Clonidine has been used in anesthesia for its sedative and analgesic properties, and to achieve greater hemodynamic stability with reduction in intra-ocular pressure. This study evaluated the clinical effects of intravenous clonidine (2.5 microg.kg(-1)) on the intra-ocular pressure (IOP), hemodynamic parameters, and post-anesthetic recovery in the surgical treatment of cataract.

METHODS

This is a randomized, double-blind, placebo-controlled study that included patients undergoing cataract surgery under peribulbar block. After placement of monitoring devices, baseline (M0) values of IOP, mean arterial pressure (MAP), heart rate (HR), SpO2, and the degree of sedation (Ramsay) were determined. Afterwards, placebo (Group P) or clonidine (Group C) was administered intravenously. After 30 minutes, at Moment 1 (M1), measurements were repeated, and once again at the end of the surgery, at Moment 2 (M2).

RESULTS

The change in IOP between M0 and M1 was different for both groups, 14.5% in Group C and 5.25% in Group P (p = 0.01), and the means remained reduced until M2. Mean arterial pressure in Group C showed a 17% reduction from M0 to M1 and increased 3.5% in Group P (p < 0.001) and in Group C it showed a recovery at M2 (p = 0.17).
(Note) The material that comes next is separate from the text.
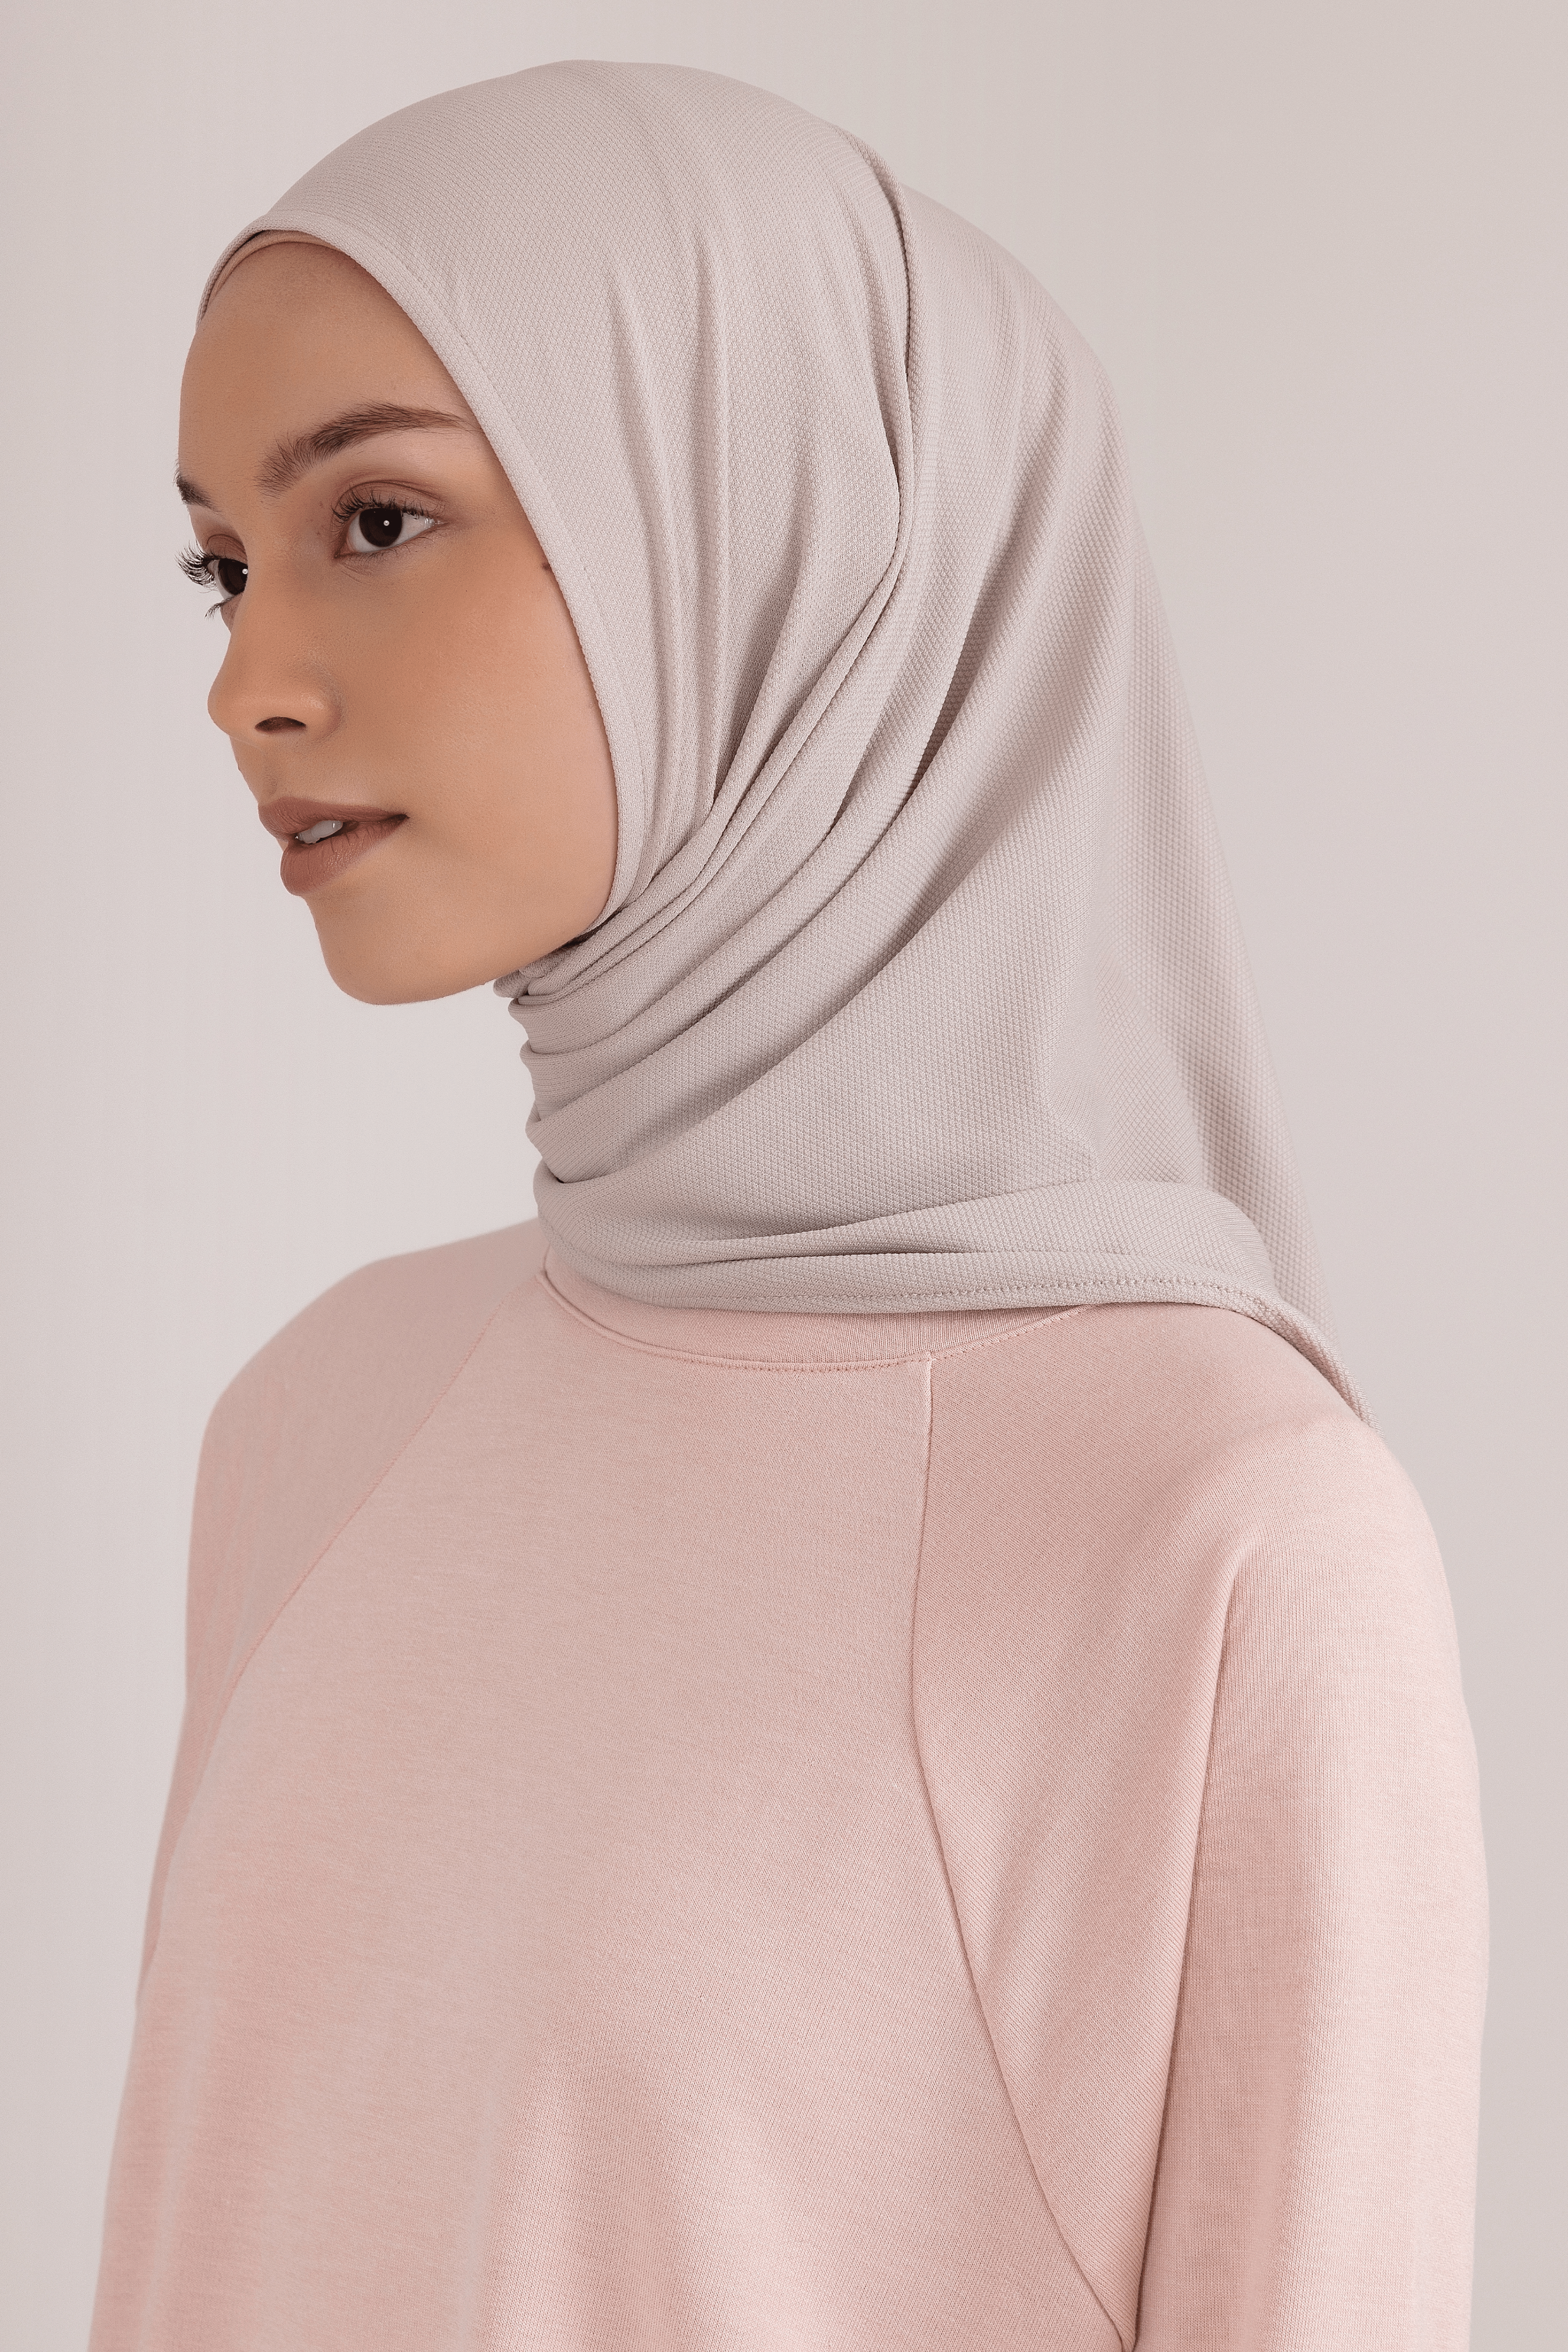 LAICA x RiaMiranda Instant Hijab - Sand

The heart rate decreased 6.4% in Group C and 1% in Group P (p = 0.1) from M0 to M1. There was a greater sedation in Group C when compared with Group P (p < 0.001) but there was no cases of respiratory depression. The relative risk of intraoperative hypertension was 0.657 (CI 95% 0.517 to 0.835) in Group C, p < 0.01. Differences in the incidence of tachycardia, hypoxemia, hypotension, and increased hospital staying were not observed between both groups.

CONCLUSIONS

Clonidine, under the conditions of the present study, showed to be a safe drug and decreased IOP and the intraoperative risk of hypertension without delaying hospital discharge.